Figure 4. Treatment algorithm for patients with post-COVID-19 interstitial lung disease (A). The proportion of patients that belongs to each group is shown in panel (B). CTPA, computed tomography pulmonary angiogram; GGO, ground glass opacities; G6PD, glucose-6-phosphate dehydrogenase; HBV, hepatitis B virus; HCV, hepatitis C virus; HIV, human immunodeficiency virus; MICO, masterful inactivity with cat-like observation; OCS, oral corticosteroids; OP, organizing pneumonia; TMP/SMX, trimethoprim-sulfamethoxazole; TST, tuberculin skin test; 6MWD: 6 min walking distance.
At the time point of the 6-month follow-up visit, 13 patients (5.6%) presented with evidence of both “fibrotic-like” abnormalities and persistently decreased functional indices as shown in Figure 4B. Of note, none of these patients was vaccinated against COVID-19 (0/13, 0%). In these patients, antifibrotics were implemented. Antifibrotics were chosen based on patients’ comorbidities and preferences following discussion for the potential adverse events of each compound (pirfenidone: 10, nintedanib: 3).
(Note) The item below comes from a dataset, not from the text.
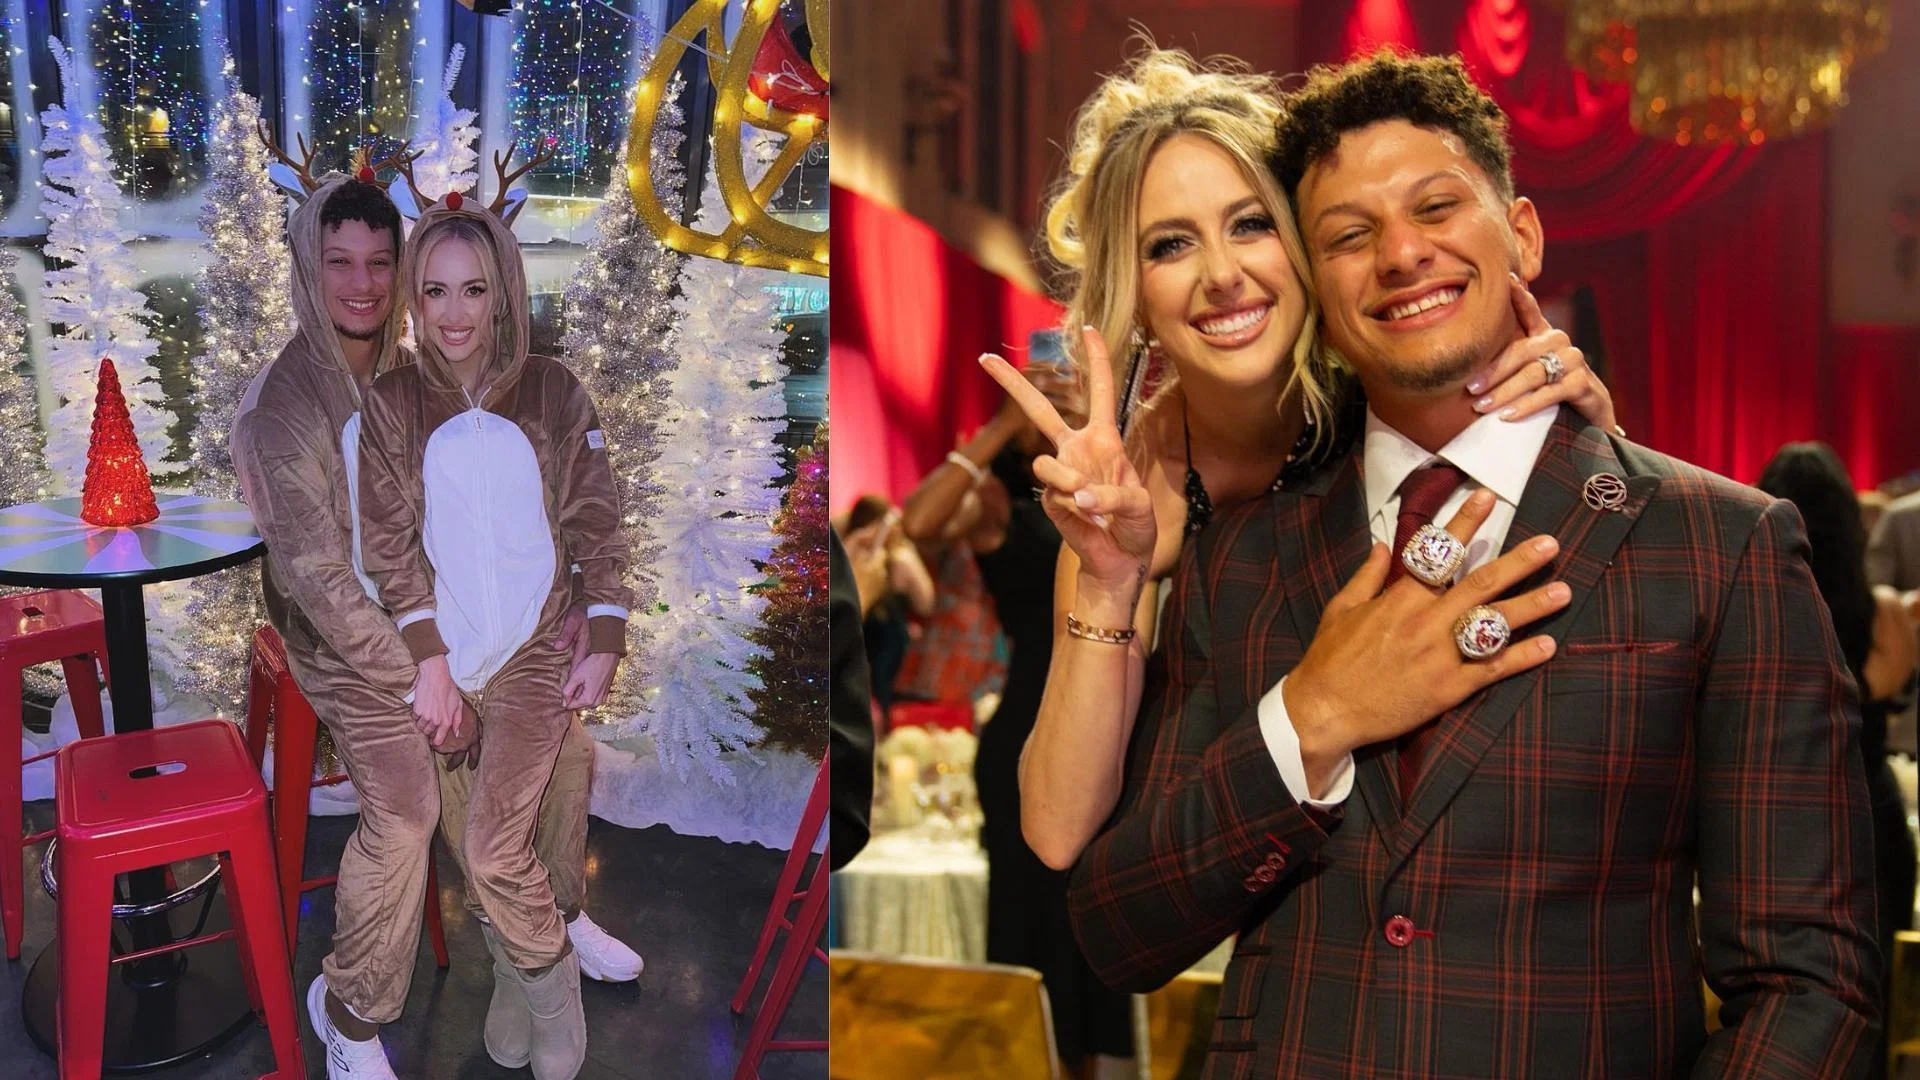 IN PHOTOS: Patrick Mahomes and Brittany Dress up for Christmas Preparations Ahead of Chiefs vs Packers
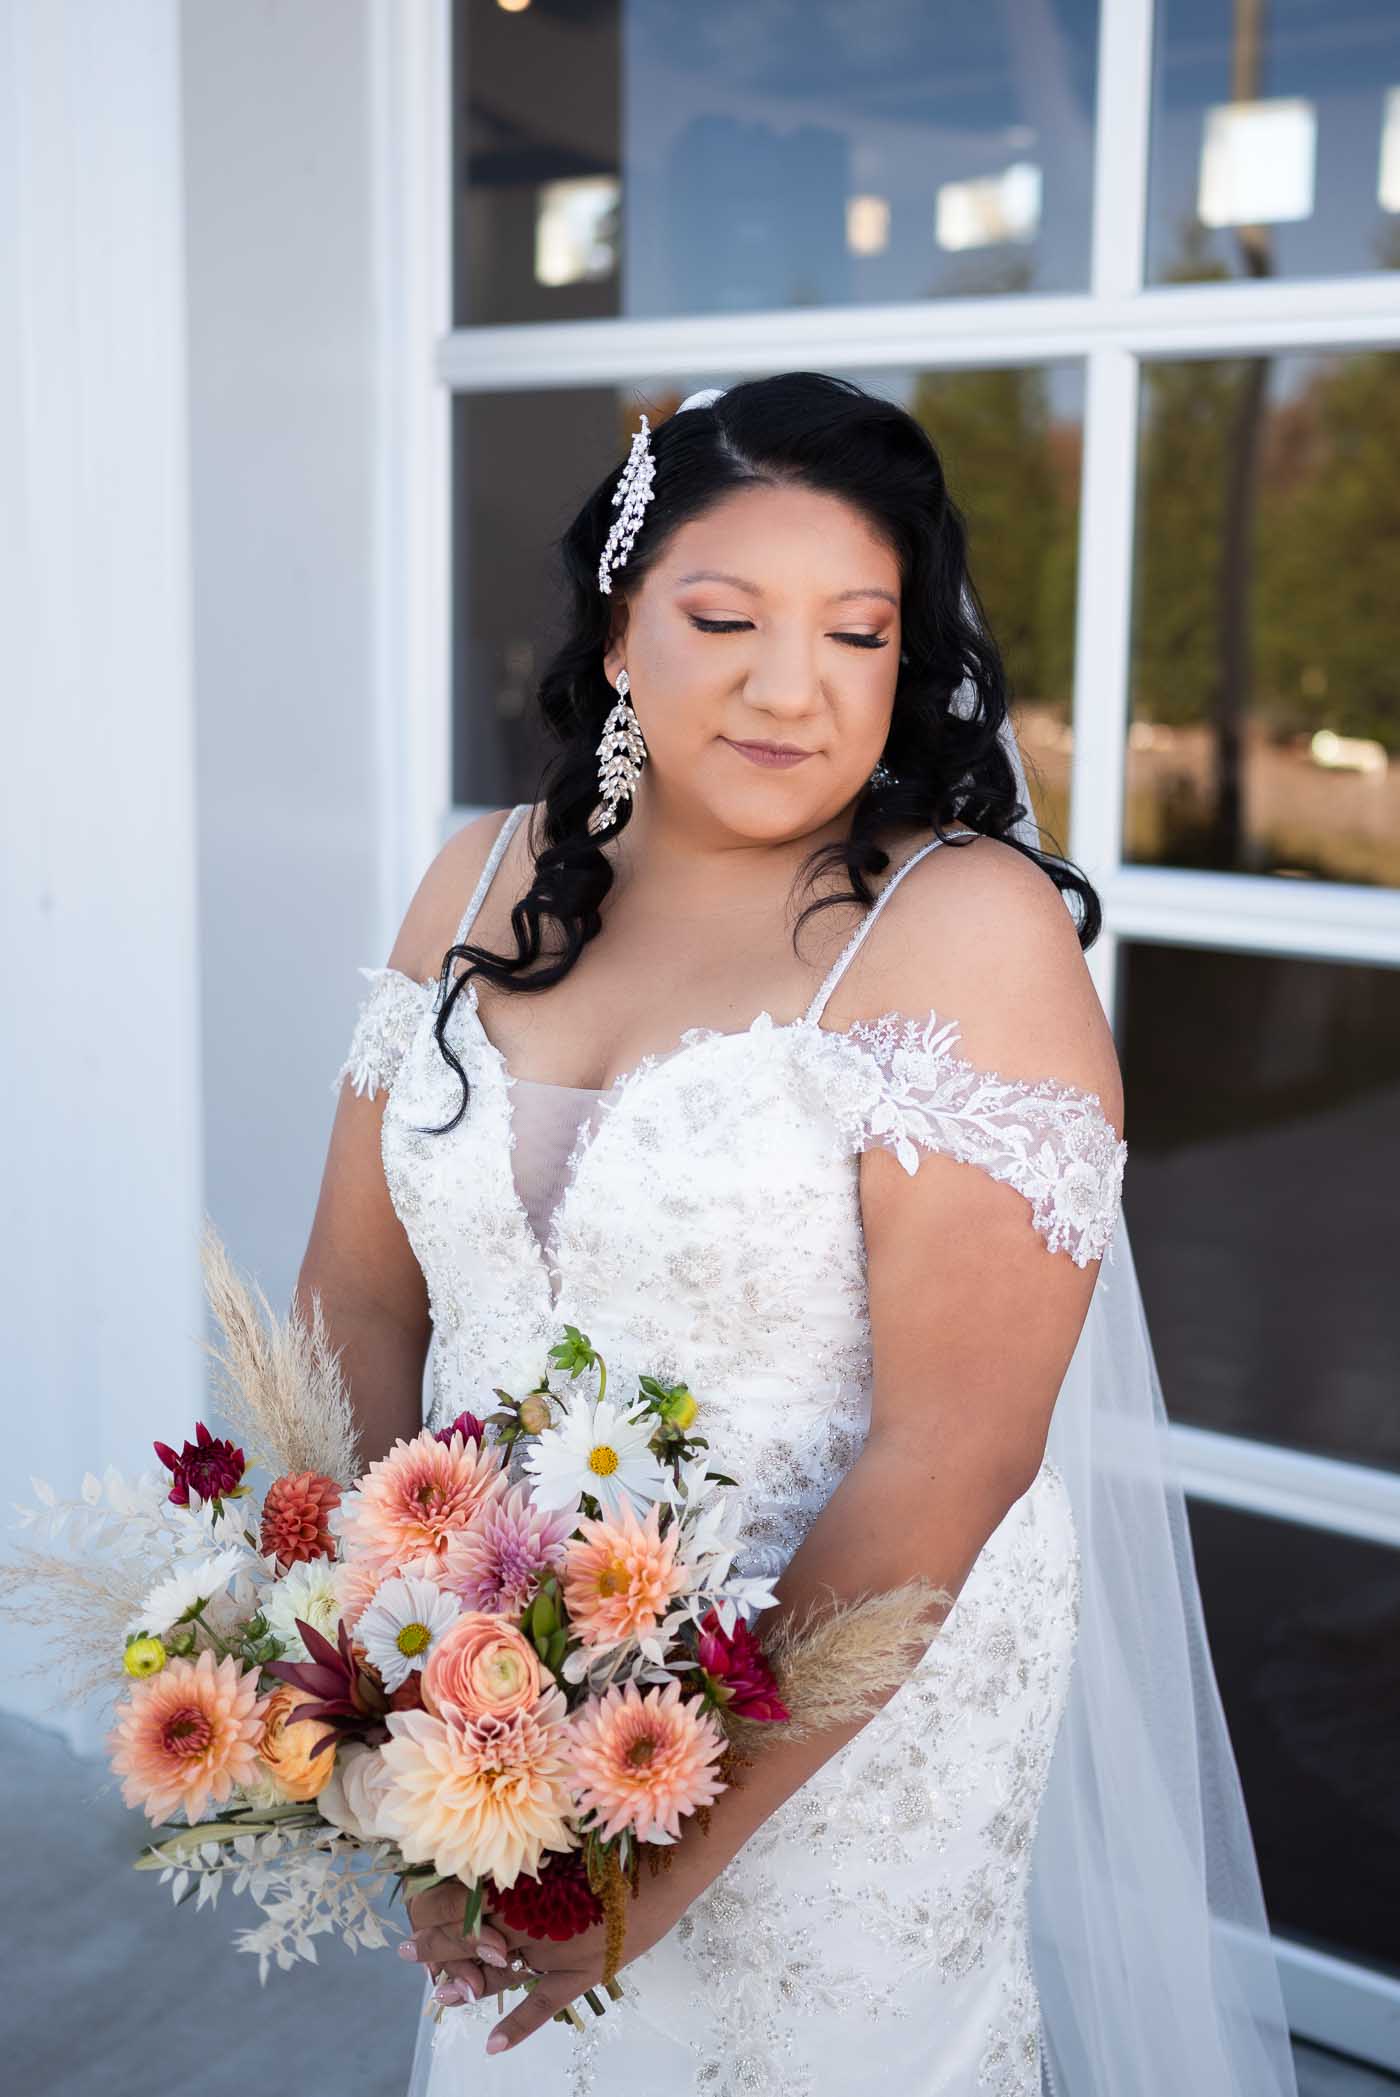 Bride glancing down at flowers

A statistically significant improvement was observed with regards to ground glass opacities in the follow-up HRCT 6 months after initiation of antifibrotics [25.0 (95% CI: 6.7–27.9) vs. 5.0 (95% CI: 0.5–8.8), p = 0.04]. A trend for improvement of reticular opacities was also observed [8.0 (95% CI: 2.5–15.0) vs. 2.0 (95% CI: 1.0–8.9), p = 0.13]. Patients presented with an improvement (absolute change) of 10.3 (p = 0.01) and 14.6 (p = 0.01) in FVC% predicted at 3 and 6 months after the initiation of antifibrotic (Figure 5A). An absolute change of +8.6 (p = 0.0003) and +15.1 (p = 0.002) was observed with regards to DLCO% predicted (Figure 6A). Subgroup analysis of patients with 1-year follow-up is presented in Figures 5, 6B.
Figure 5. Patients with fibrotic-like changes and persistently decreased functional indices received antifibrotics. ANOVA repeated measures was used to investigate differences in FVC% predicted at different time points (A). Subgroup analysis of patients with 1-year follow-up is presented in panel (B).
Figure 6. Patients with fibrotic-like changes and persistently decreased functional indices received antifibrotics. ANOVA repeated measures was used to investigate differences in DLCO% predicted at different time points (A). Subgroup analysis of patients with 1-year follow-up is presented in panel (B).
This is the first study in Caucasian population aiming to investigate post-COVID-19-ILD through a machine learning radiographic model. Our report presented in detail the functional and radiographic impact of this entity and validated previous evidence showing that a considerable proportion of patients is experiencing functional impairment several months following infection. Fibrotic lung disease was observed in a substantial minority of COVID-19 survivors. These patients might experience benefit from antifibrotic initiation at the time point that fibrotic-like changes are “immature.”
Our study exhibited a number of important attributes that should be presented. First, we evaluated disease extent through a machine learning model. Manual interpretation of radiographic abnormalities extent is hindered by variability, especially at centers with lack of expertise (17). Deep learning might be the key to overcome barriers for fast and massive radiological evaluation in an unbiased fashion. Deep learning could be deployed all over the world and provide homogeneous and accurate reporting (21–23). Second, we demonstrated that a short course of antifibrotics could significantly improve lung function. Third, based on the fact that the majority of our cohort was unvaccinated against COVID-19, we provided indirect evidence that vaccination against COVID-19 is not only the best way to contain the pandemic but also the best way to limit post-acute sequelae of COVID-19.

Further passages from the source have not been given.